Seven suspected PKK members killed in Turkey clashes overnight
Seven suspected members of the outlawed Kurdistan Workers' Party (PKK) were killed in clashes overnight that erupted when the rebels attacked military posts in eastern Turkey, the army said Thursday.
The attacks are the latest in an escalating cycle of violence between Turkish security forces and Kurdish rebels that has left a 2013 ceasefire agreed by the PKK in tatters.
PKK fighters launched an attack with guns and rockets on a command post in southeastern town of Silopi on the border with Iraq and Syria, prompting clashes that left four militants dead, an army statement said.
The PKK also attacked a military base and police station in the Agri province near the Iranian border, where three of their number were killed in clashes with the security forces, it said.
But the pro-PKK Firat news agency said two of those killed in Agri were teenagers aged 15 and 16 who were working at a bakery when Turkish security forces opened fire on nearby buildings.
Speaking to Firat news, pro-Kurdish Peoples' Democracy Party (HDP) lawmaker Dirayet Tasdemir described the incident as a "clear execution."
Details of the incident could not be independently verified.
Turkey is currently pressing a two-pronged "anti-terror" offensive against Islamic State group (IS, formerly ISIS) militants in Syria and PKK militants in northern Iraq and the southeast following a wave of attacks.

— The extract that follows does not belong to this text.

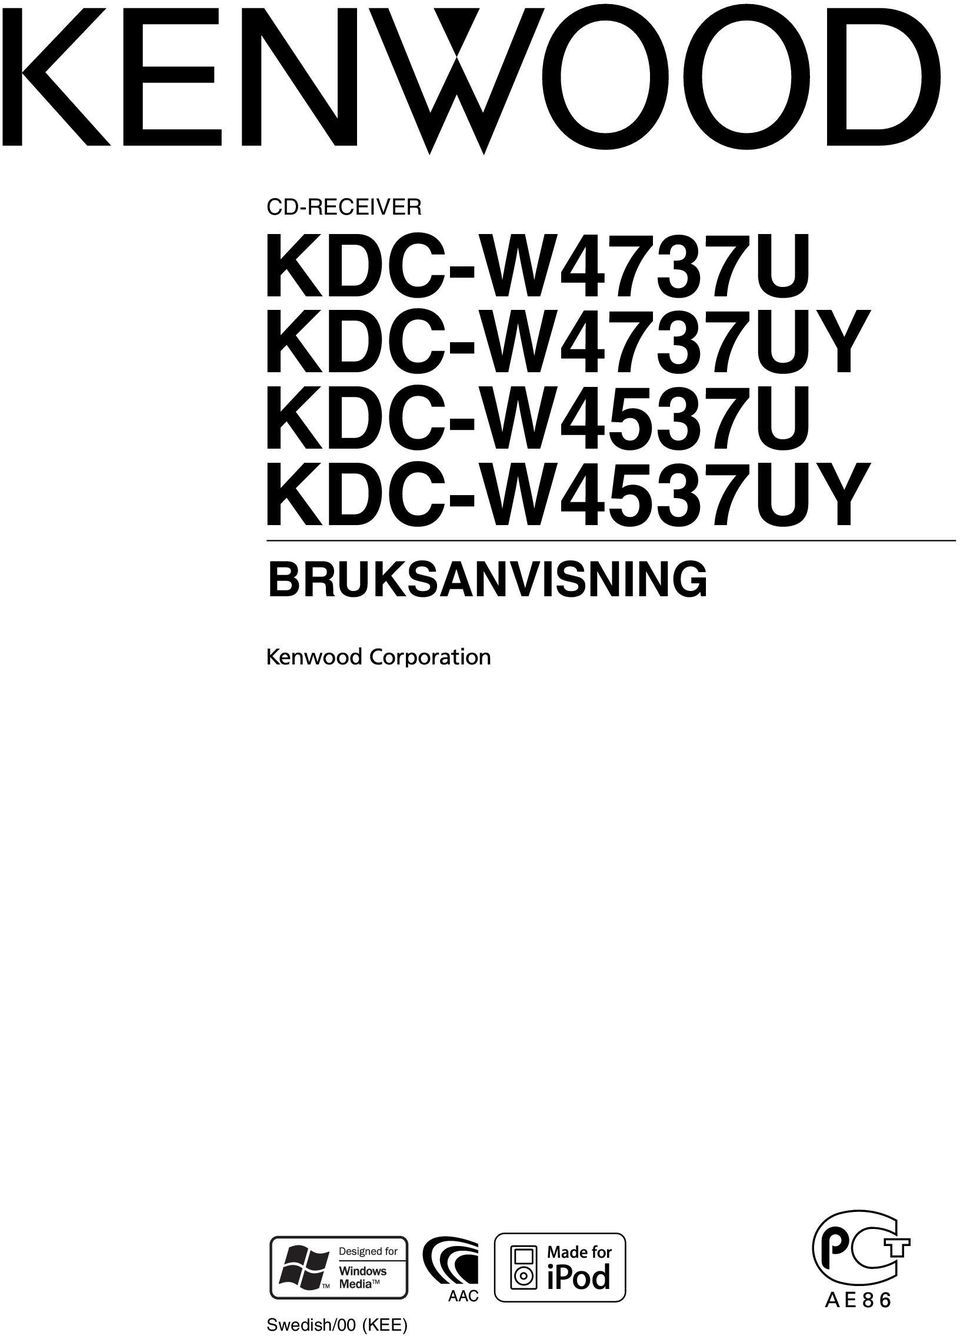 KDC-W4537UY
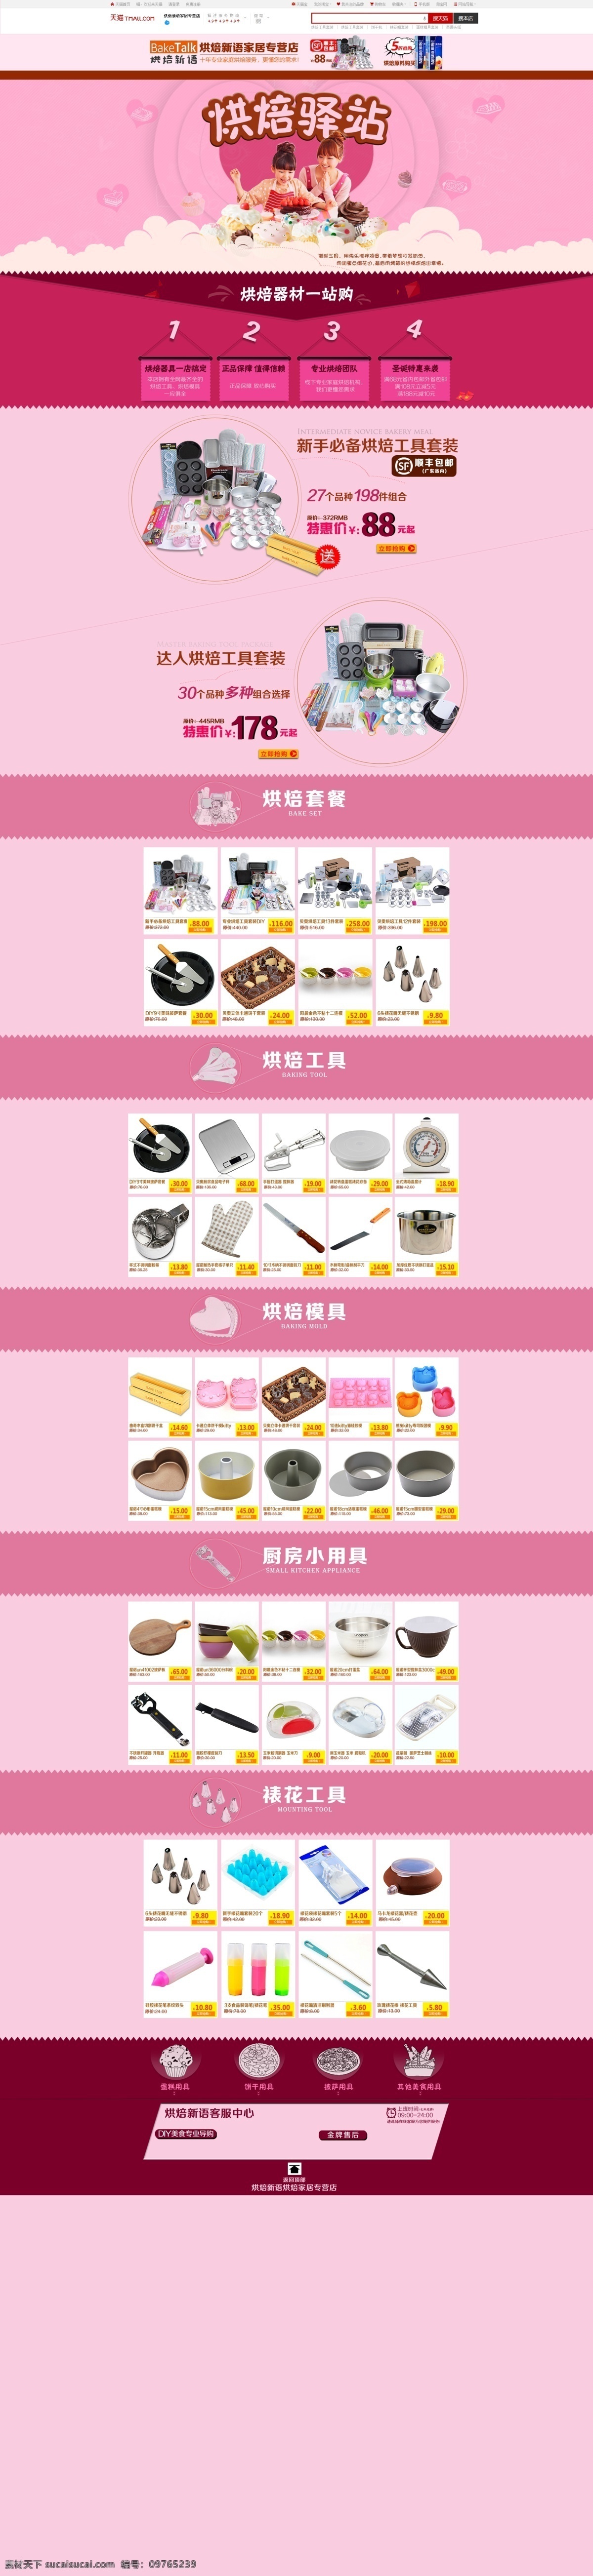 烘焙驿站 烘焙 首页 家庭烘焙 蛋糕 网页设计 web 界面设计 中文模板

But, so far, the air strikes have overwhelmingly concentrated on the separatist Kurdish rebels, who have been waging a bloody campaign against the security forces.
According to an AFP toll, 30 members of the security forces have been killed in violence linked to the PKK since the crisis began last month.
President Recep Tayyip Erdogan on Tuesday vowed that Turkey would press on with its relentless campaign against Kurdish militants "until not one terrorist" was left.